In a semiconductor device manufacturing process, in order to separate a capacitor or a device or to form a contact hole, a dry etching is performed on a substrate, e.g., a semiconductor wafer (hereinafter, referred to as “wafer”), on which a resist mask is formed, and, then, an ashing process is carried out to remove the resist remaining on the surface after the etching process. As one of methods for performing such processes, there has been known a plasma processing method employed in a single sheet parallel plate type plasma processing apparatus.
Hereinafter, a schematic constitution of such plasma processing apparatus will be briefly described with reference to FIG. 6. In such a plasma processing apparatus, an upper electrode 11 serving as a gas shower head and a mounting table 12 serving as a lower electrode and also as a cooling plate are installed at an upper and a lower portion in a processing chamber 10 having a vacuum exhaust unit 10, respectively, and a high frequency power supply 13 for forming a high frequency electric field between the electrodes is connected to the upper electrode 11. Further, a wafer mounting region on an electrostatic chuck 14 installed on top of the mounting table 12 is formed smaller than a size of a wafer W. A ring member 15, e.g., a quartz ring, is installed so as to surround an entire circumference of the electrostatic chuck 14. The ring member 15 is disposed to face a side peripheral surface and a bottom peripheral portion of the wafer W protruded outwardly from the mounting region with a gap formed therebetween. Moreover, formed on a surface of the electrostatic chuck 14 are gas supply openings (not shown) for supplying a thermally conductive He gas to be outwardly diffused from a central portion through gaps formed by slight irregularities on surfaces of the wafer W and the electrostatic chuck 14.

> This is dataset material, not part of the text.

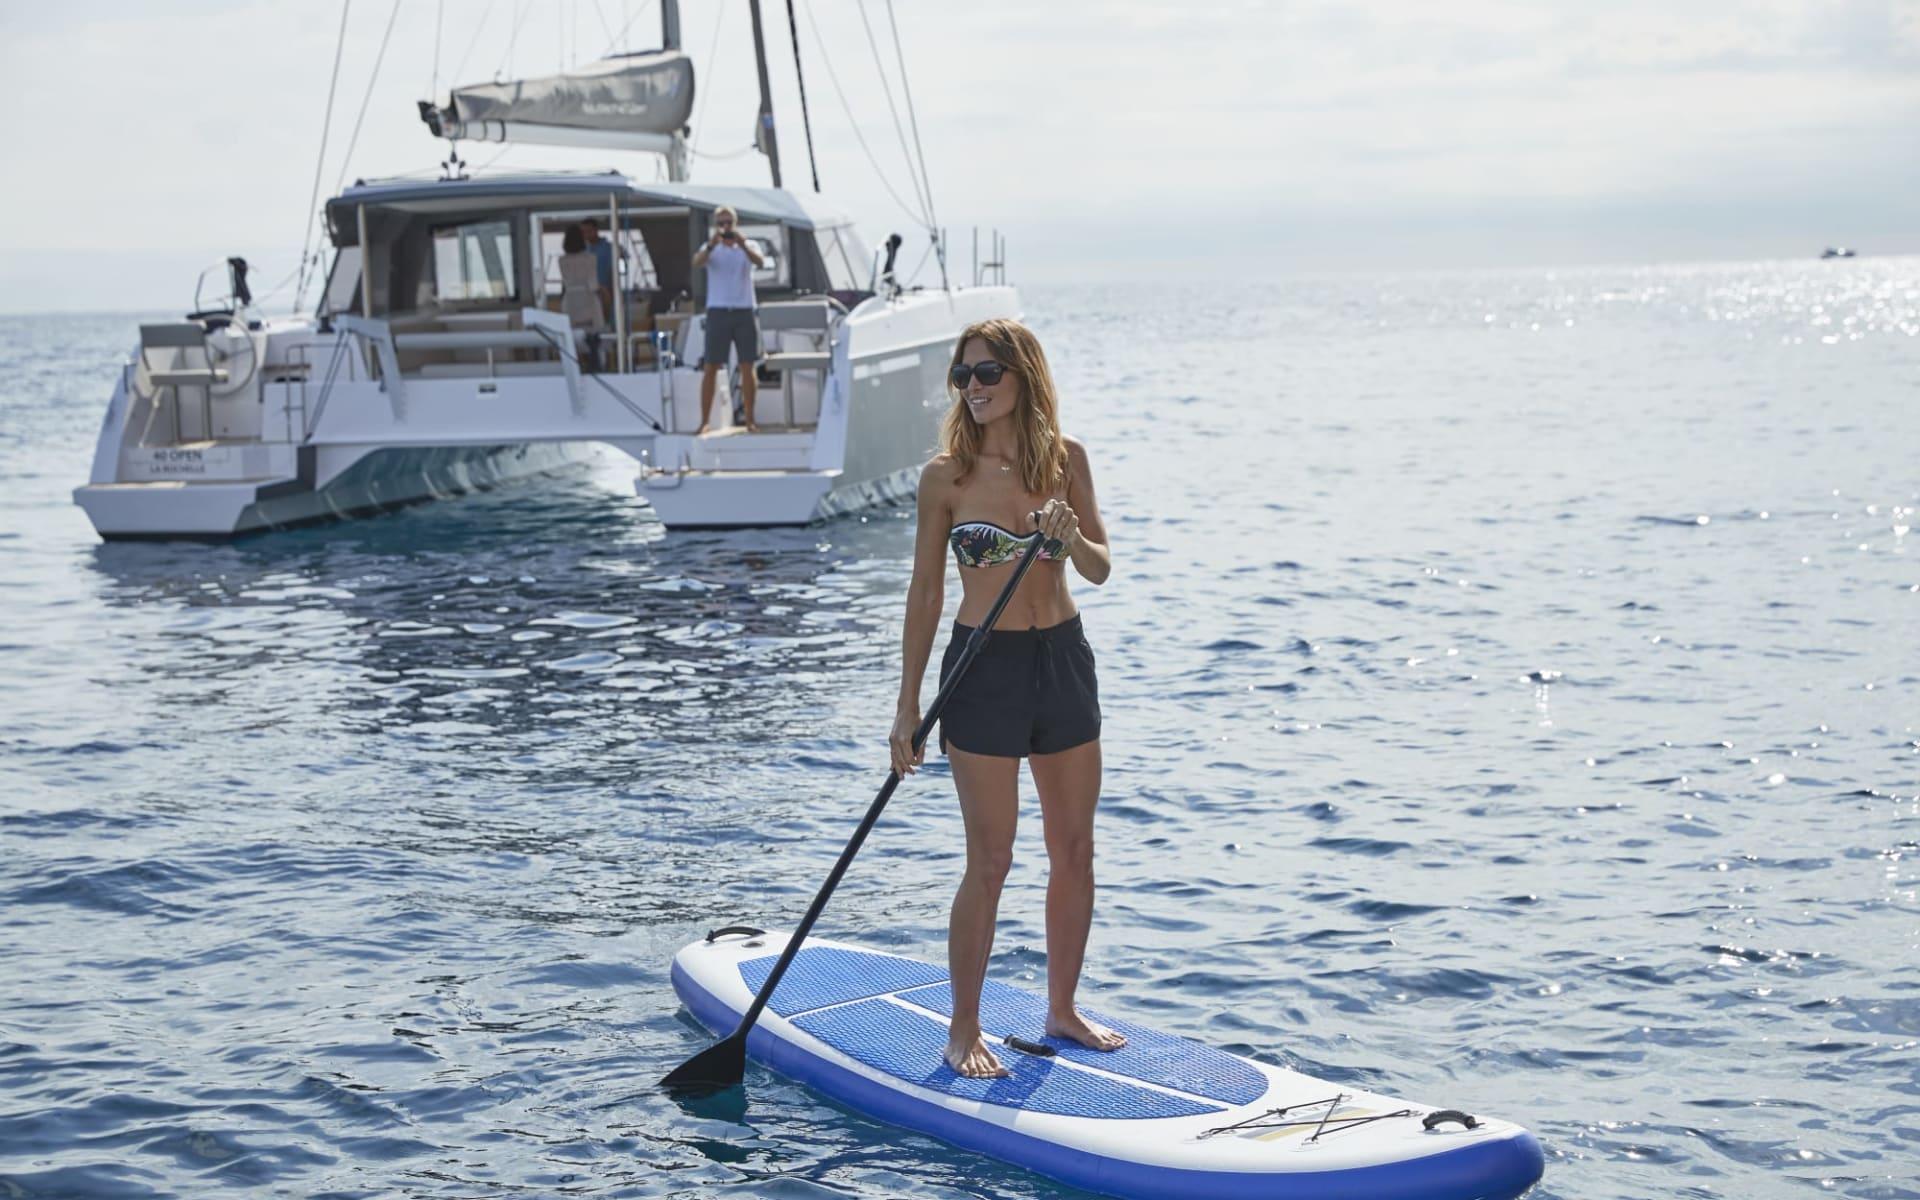 Discovery of Mauritius ab Tamarin: activities: Sea Spirit

Mounted on the mounting table 12 is the wafer W on which an insulating film made of, e.g., SiO2 and a resist mask of a circuit pattern are laminated. Further, a chuck voltage is applied to the electrostatic chuck 14 and an inner space of the processing chamber 1 is vacuum-exhausted by a vacuum exhaust unit 10. In such state, an etching gas containing a compound of C and F (e.g., CxFy) is plasmarized, thereby etching the insulating film. Next, a supply of the etching gas is stopped and an ashing gas containing O2 is then supplied into the processing chamber 1. The ashing gas is plasmarized by forming a high frequency electric field, so that the resist exposed to the plasma is ashed and removed. Accordingly, after having undergone such processes, the insulating film on the wafer W has therein grooves corresponding to the circuit pattern.

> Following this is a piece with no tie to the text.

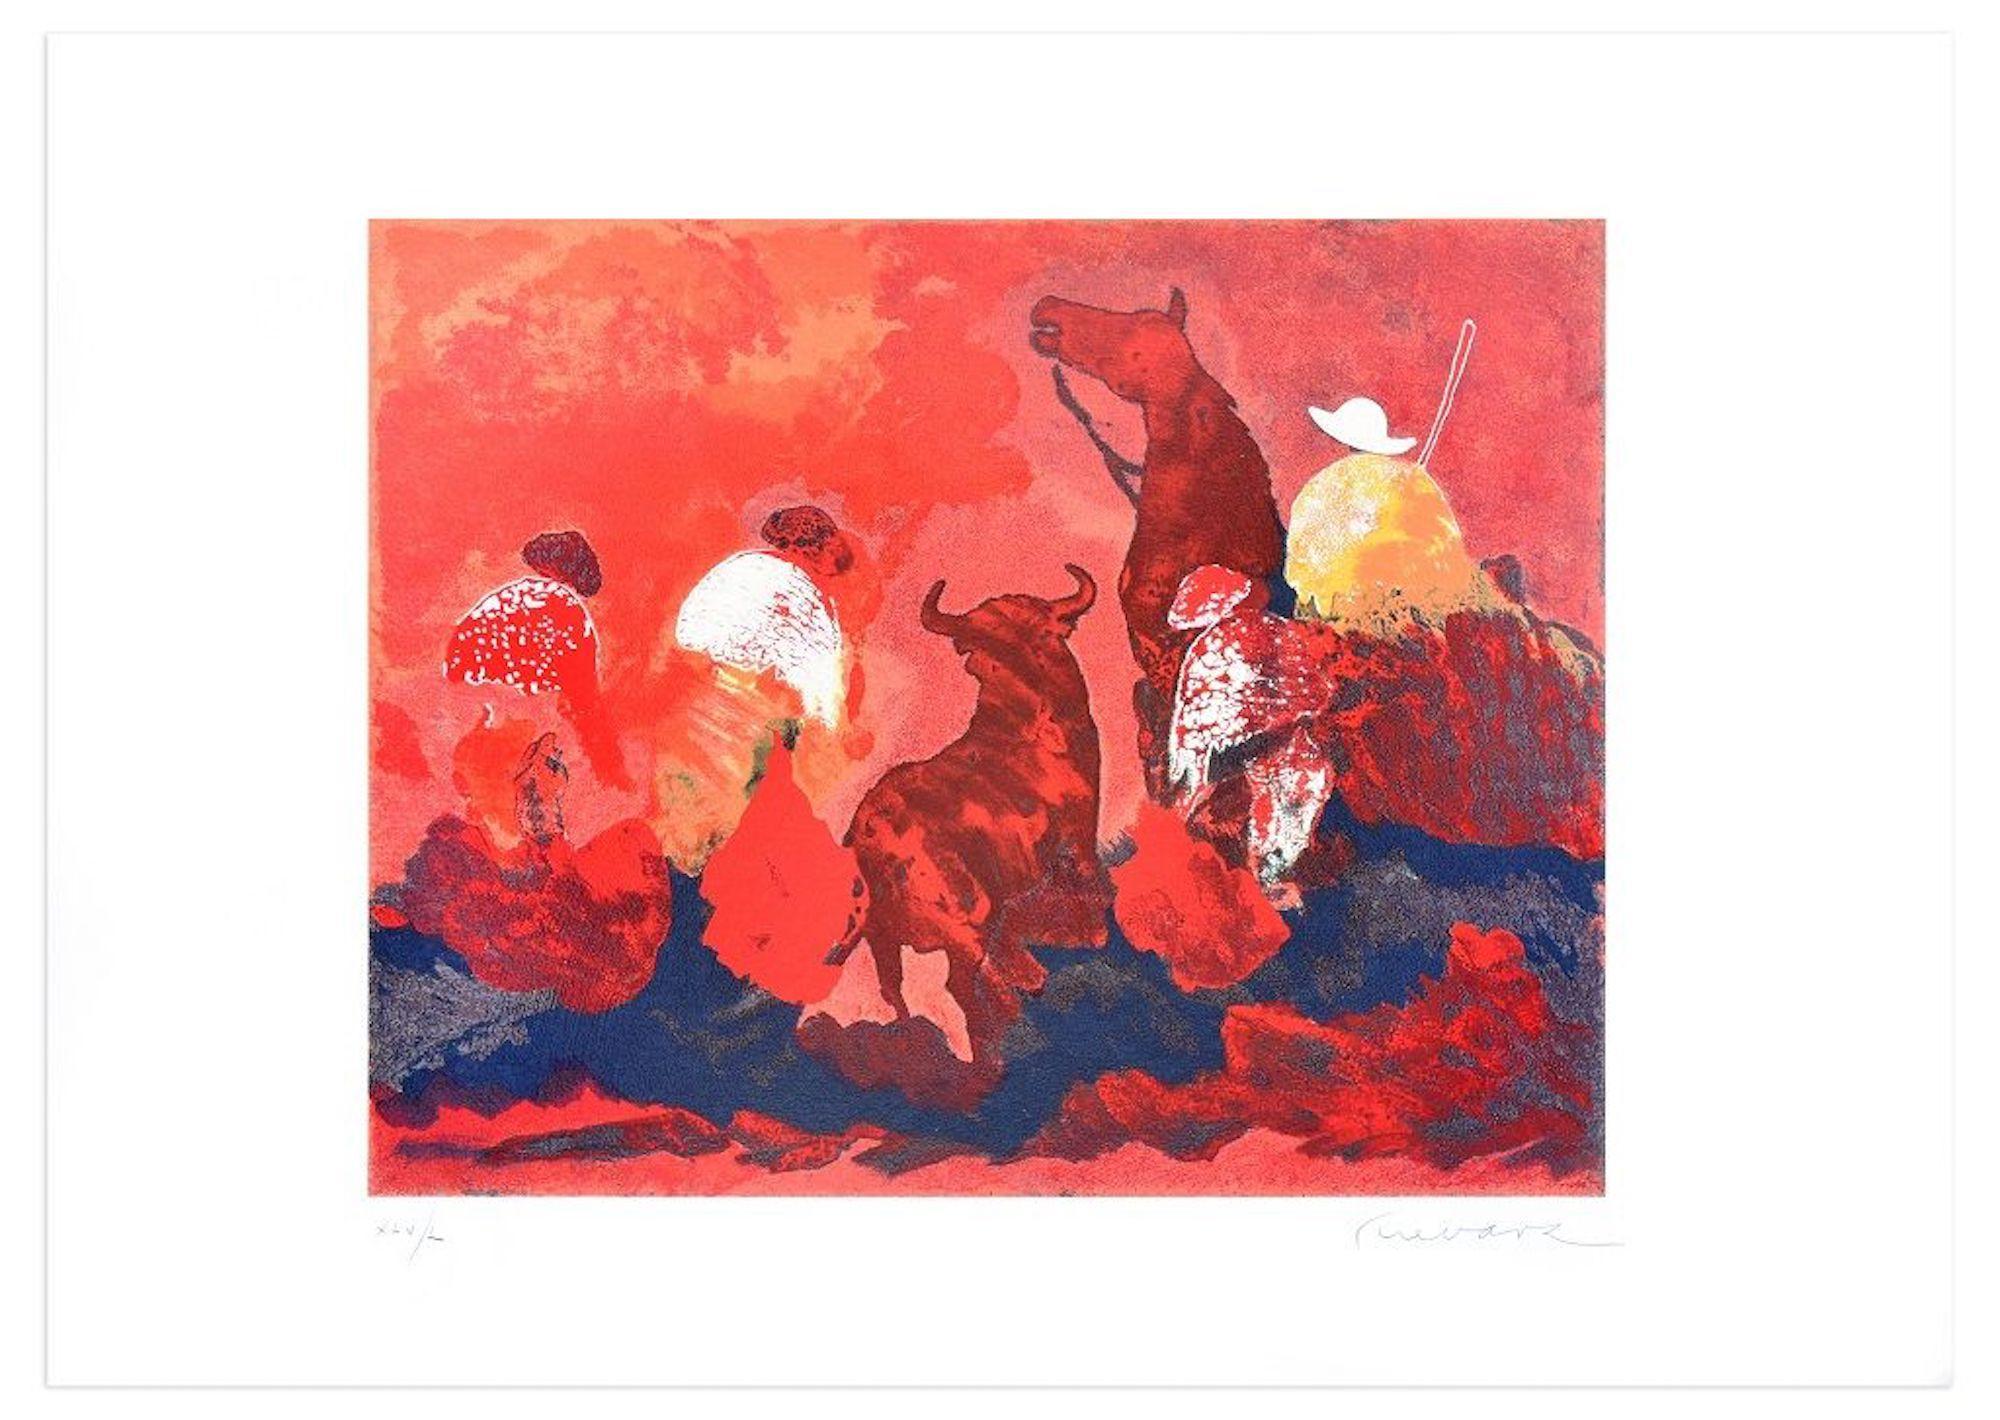 Bullfight in Red - Original Screen Print by José Guevara - 1989

However, if the etching process is performed by using a plasma of a CF-based gas, as schematically illustrated in FIG. 7, a polymer mainly composed of CFx, which is generated by a decomposition or a reaction of the etching gas, is adhered to the bottom peripheral portion and the side edge surface of the wafer W. In other words, the mounting table 12 is formed in a smaller size than the wafer W to prevent damages inflicted by the etching gas. Further, in general, the ring member 15, referred to as, e.g., a focus ring, for adjusting a plasma shape is installed so as to surround the wafer W. In order to prevent the gas from flowing toward the bottom surface of the wafer W, a stepped portion 15a is formed at an inner side of the ring member 15 such that it extends into a space under the bottom surface of the wafer W. However, it is not sufficient to prevent the plasma from flowing into the space, so that deposits of the polymer are adhered to the bottom peripheral portion of the wafer W.
In the ashing process after the etching process, the plasma of the ashing gas containing O2 flows into the aforementioned space along a slight gap between the peripheral portion of the wafer W and the ring member 15. Accordingly, the deposits adhered to the bottom peripheral portion and the side edge portion of the wafer W become ashed. However, a considerable time period is required to completely remove the deposits and, in some cases, the deposits are not completely removed.

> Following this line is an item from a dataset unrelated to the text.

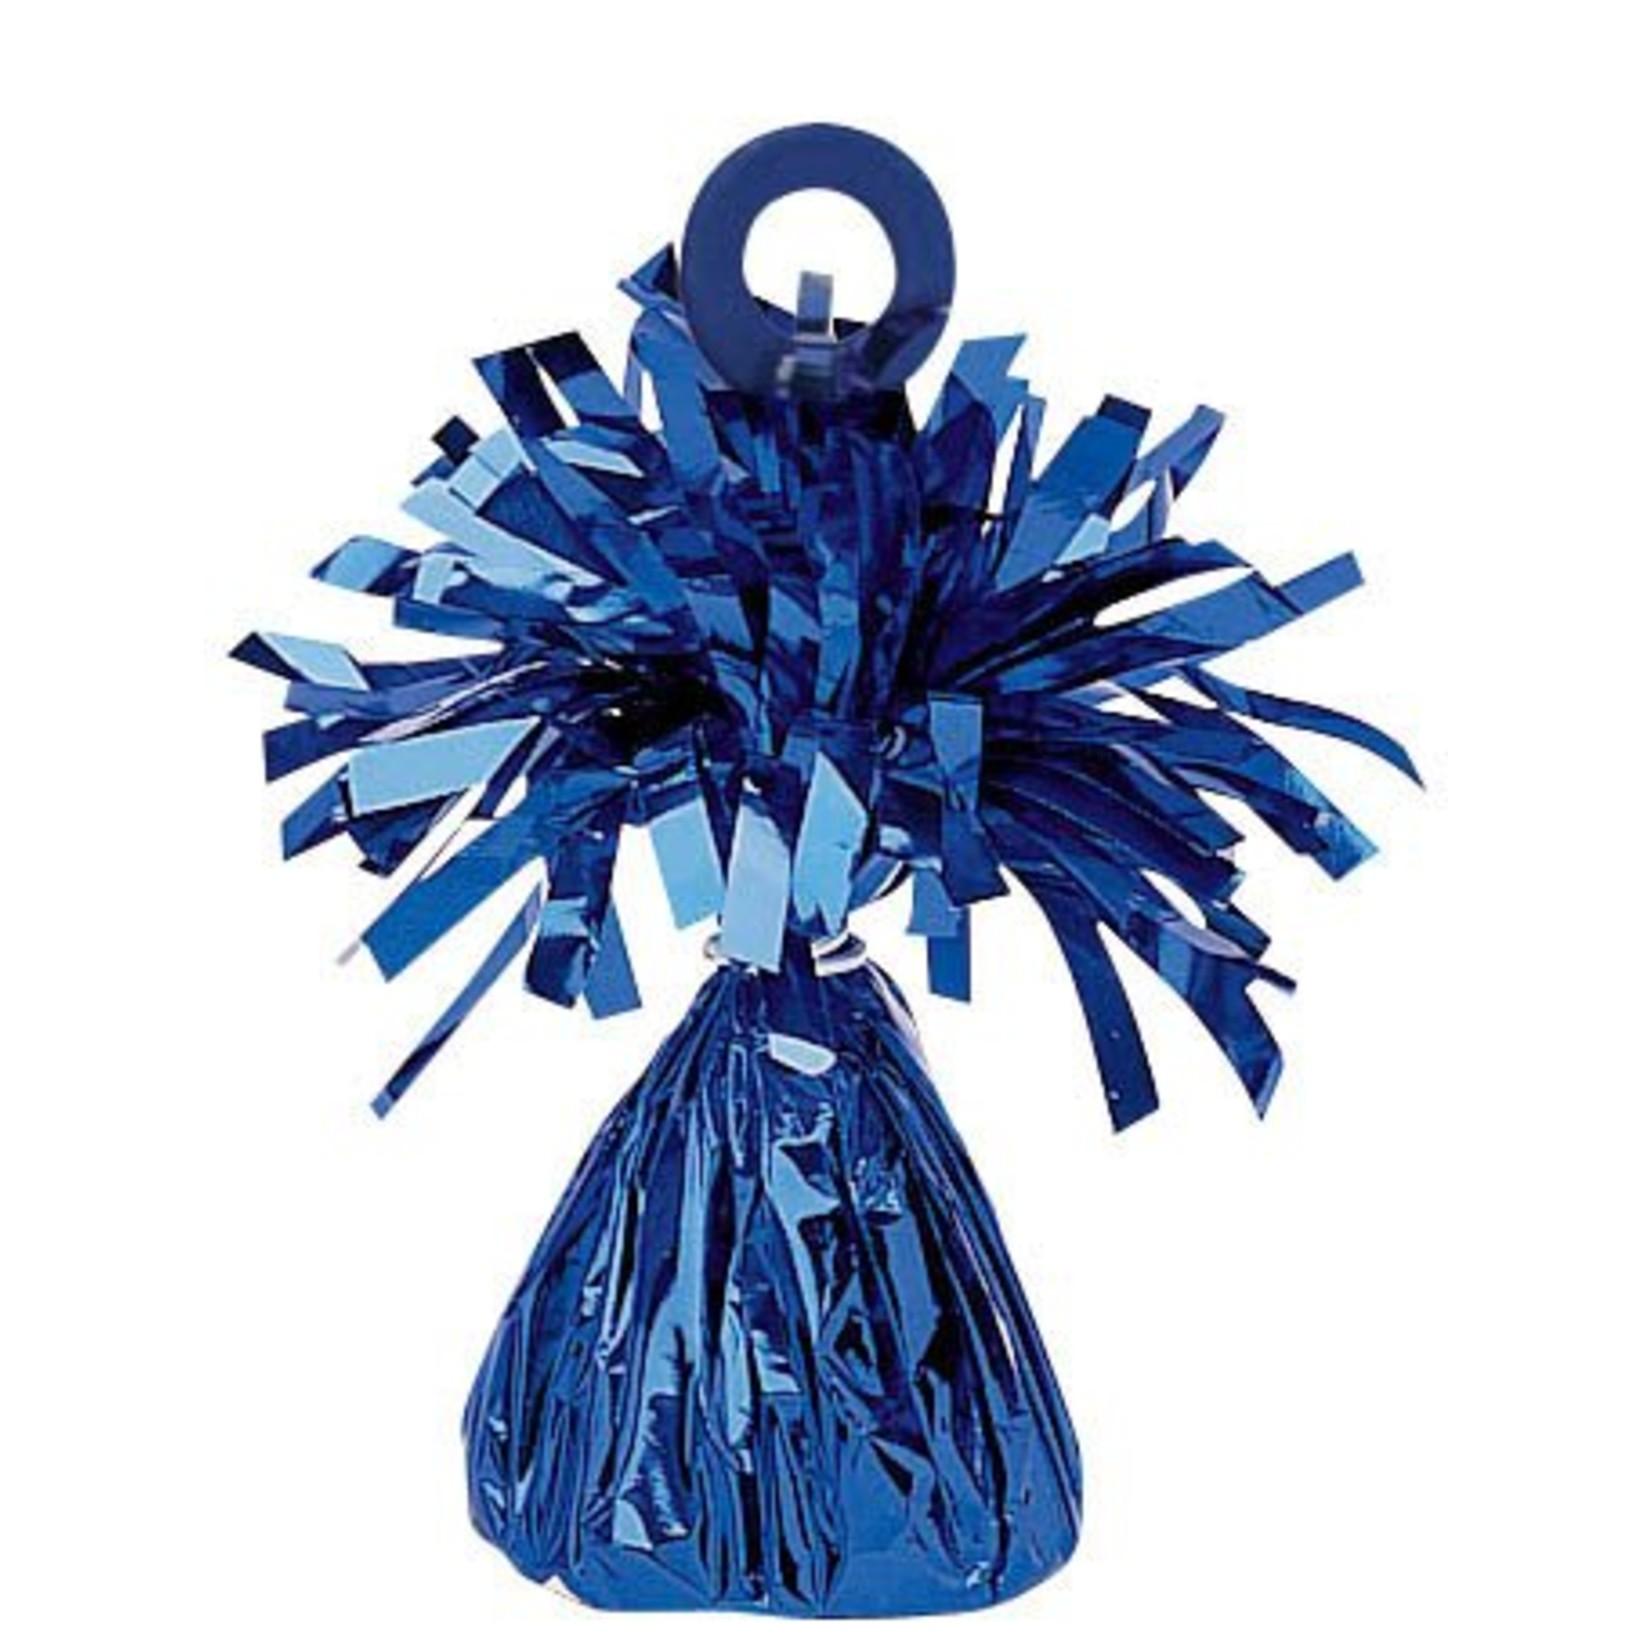 Balloon Weight-Small Foil-Blue-6oz

Meanwhile, if the deposits are adhered to the bottom peripheral portion (and the side edge portion) of the wafer W, they are separated therefrom in a post-process to be a cause of particles. Further, in a chemical polishing process as the post-process, portions to which the deposits are adhered are stressed, thereby deteriorating polishing accuracy. Accordingly, the wafer W that has gone through the ashing process is subjected to a cleaning process using cleaning fluid in a cleaning vessel. In this case, the deposits detached from the wafer W may be introduced into the cleaning vessel and transcribed on another wafer, so that an exchange cycle of the cleaning fluid in the cleaning vessel needs to be frequently performed. In order to sufficiently remove the deposits during the ashing process after the etching process, it is considered to extend the ashing time to allow the plasma to reach the bottom peripheral portion of the wafer W. In this case, however, depending on types of the insulating film, the film may be changed in quality.
As for an interlayer insulating film, for example, a SiOC film, i.e., a compound of silicon, oxygen and carbon, is widely used due to its low dielectric constant. However, if the film is exposed to an oxygen plasma for a long time, a surface thereof becomes oxidized, thereby changing SiOC to SiO2. The SiO2 is removed in a post-cleaning process, resulting in a wider line width. Further, the increase in the ashing time deteriorates a throughput thereof.
A conventional sequence of the plasma processing includes the steps of: stopping a supply of a thermally conductive gas after a specific processing is performed by using a plasma; stopping an application of a chuck voltage to the electrostatic chuck; and stopping a supply of a power for generating the plasma (see, e.g., Japanese Patent Laid-open Publication Nos. H4-290225 and H8-153713). However, there is not disclosed nor suggested any process after the processing described above.